Skip to content

Configuring

Function Operation Instructions

1. Parameter Meanings

When configuring a MongoDB data synchronization task, here is the detailed meaning of each parameter:

  1. workName:

    • Meaning: Task name
    • Description: Used to identify the name of the data synchronization task. If not provided, it defaults to "workNameDefault".
  2. sourceDsUrl:

    • Meaning: Source MongoDB connection URL
    • Description: Specifies the connection URL of the source MongoDB database, which can be a single node, a replica set, or a sharded cluster.
  3. targetDsUrl:

    • Meaning: Target MongoDB connection URL
    • Description: Specifies the connection URL of the target MongoDB database, which can be a single node, a replica set, or a sharded cluster.
  4. syncMode:

    • Meaning: Synchronization mode
    • Description: Specifies the mode of data synchronization, which can be one of the following options:
      • "all": Full mode, sync all tables, excluding operations on source tables during synchronization.
      • "allAndRealTime": Full plus real-time mode, performs full sync first and then starts real-time sync.
      • "allAndIncrement": Full plus incremental mode, performs full sync first and then syncs only operations on source tables during synchronization.
      • "realTime": Real-time mode, syncs based on configured start and end times.
  5. realTimeType:

    • Meaning: Real-time task type
    • Description: Selects the type of real-time task, which can be "oplog" or "changestream".
    • Additional Information:
      • "oplog": Uses MongoDB's oplog for real-time synchronization, suitable for source replica sets, supports DDL operations, and is faster.
      • "changestream": Uses MongoDB's changestream for real-time synchronization, suitable for source replica sets or mongos, does not support DDL operations, and has moderate speed.
  6. fullType:

    • Meaning: Full task type
    • Description: Selects the type of full task, which can be "sync" or "reactive".
    • Additional Information:
      • "sync": Uses a stable transmission method for full synchronization.
      • "reactive": Uses a faster transmission method for full synchronization.
  7. dbTableWhite:

    • Meaning: Tables to synchronize
    • Description: Specifies tables to synchronize using regular expressions.
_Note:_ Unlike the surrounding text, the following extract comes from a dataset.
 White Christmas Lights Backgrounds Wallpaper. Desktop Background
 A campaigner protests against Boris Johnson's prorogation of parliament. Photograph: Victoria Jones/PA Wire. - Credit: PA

For example, to sync all tables under the mongodb database: mongodb\..+, the default is to sync all tables.
  8. ddlFilterSet:

    • Meaning: DDL operations to synchronize
    • Description: Specifies DDL operations to synchronize, separated by commas. The default is *, meaning sync all DDL operations.
  9. sourceThreadNum:

    • Meaning: Source task thread number (full mode)
    • Description: Specifies the number of threads to read source tasks in full synchronization.
  10. targetThreadNum:

    • Meaning: Target task thread number (full mode)
    • Description: Specifies the number of threads to write target tasks in full synchronization.

... (Continues with the rest of the parameter explanations)

2. Parameter Usage Scope

| Parameter           | Real-Time Task | Full Task | Full + Increment Task | Full + Real-Time Task |
|--------------------|--------------|----------|----------------------|-----------------------|
| workName           | ✔️           | ✔️       | ✔️                   | ✔️                    |
| sourceDsUrl        | ✔️           | ✔️       | ✔️                   | ✔️                    |
| targetDsUrl        | ✔️           | ✔️       | ✔️                   | ✔️                    |
| syncMode           | ✔️           | ✔️       | ✔️                   | ✔️                    |
| realTimeType       | ✔️           |          | ✔️                   | ✔️                    |
| fullType           |              | ✔️       | ✔️                   | ✔️                    |
| dbTableWhite       | ✔️           | ✔️       | ✔️                   | ✔️                    |
| ddlFilterSet       | ✔️           |          | ✔️                   | ✔️                    |
| batchSize          | ✔️           | ✔️       | ✔️                   | ✔️                    |
| bucketNum          | ✔️           | ✔️       | ✔️                   | ✔️                    |
| bucketSize         | ✔️           | ✔️       | ✔️                   | ✔️                    |
| startOplogTime     | ✔️           |          |                      |                       |
| endOplogTime       | ✔️           |          | ✔️                   | ✔️                    |
| delayTime          | ✔️           |          |                      |                       |
| nsBucketThreadNum  | ✔️           |          |                      |                       |
| writeThreadNum     | ✔️           |          |                      |                       |
| ddlWait            | ✔️           | ✔️       | ✔️                   | ✔️                    |
| clusterInfoSet     | ✔️           | ✔️       | ✔️                   | ✔️                    |
| bind_ip            | ✔️           | ✔️       | ✔️                   | ✔️                    |

3. Data Validation

# Data validation script
# 0: Multi-threaded validation: Configure 1-8 validation methods after 0, which can be processed concurrently
# 1: Estimate count validation for libraries and tables (may be inaccurate)
# 2: Accurate count validation for libraries and tables
# 3: Library and table dbHash validation (locks the library, use with caution)
# 4: Validate 100 randomly selected data from libraries and tables, source side randomly selects 100 data, check if they exist on the target side
# 5: Validate 100 data of each data type from libraries and tables, extract 100 data of each data type for _id (first 50 and last 50), check if they exist on the target side
# 6: Check missing index information in libraries and tables
# 7: Check missing index information in libraries and tables and create missing indexes
# 8: Library dbHash validation (locks the library, use with caution)
# 9: Output detailed validation log information. When not specified, the log only records abnormal validation information
# Can be used in combination, e.g., 123456 123457 1237. If not specified, the default is combination 16
checkData=12456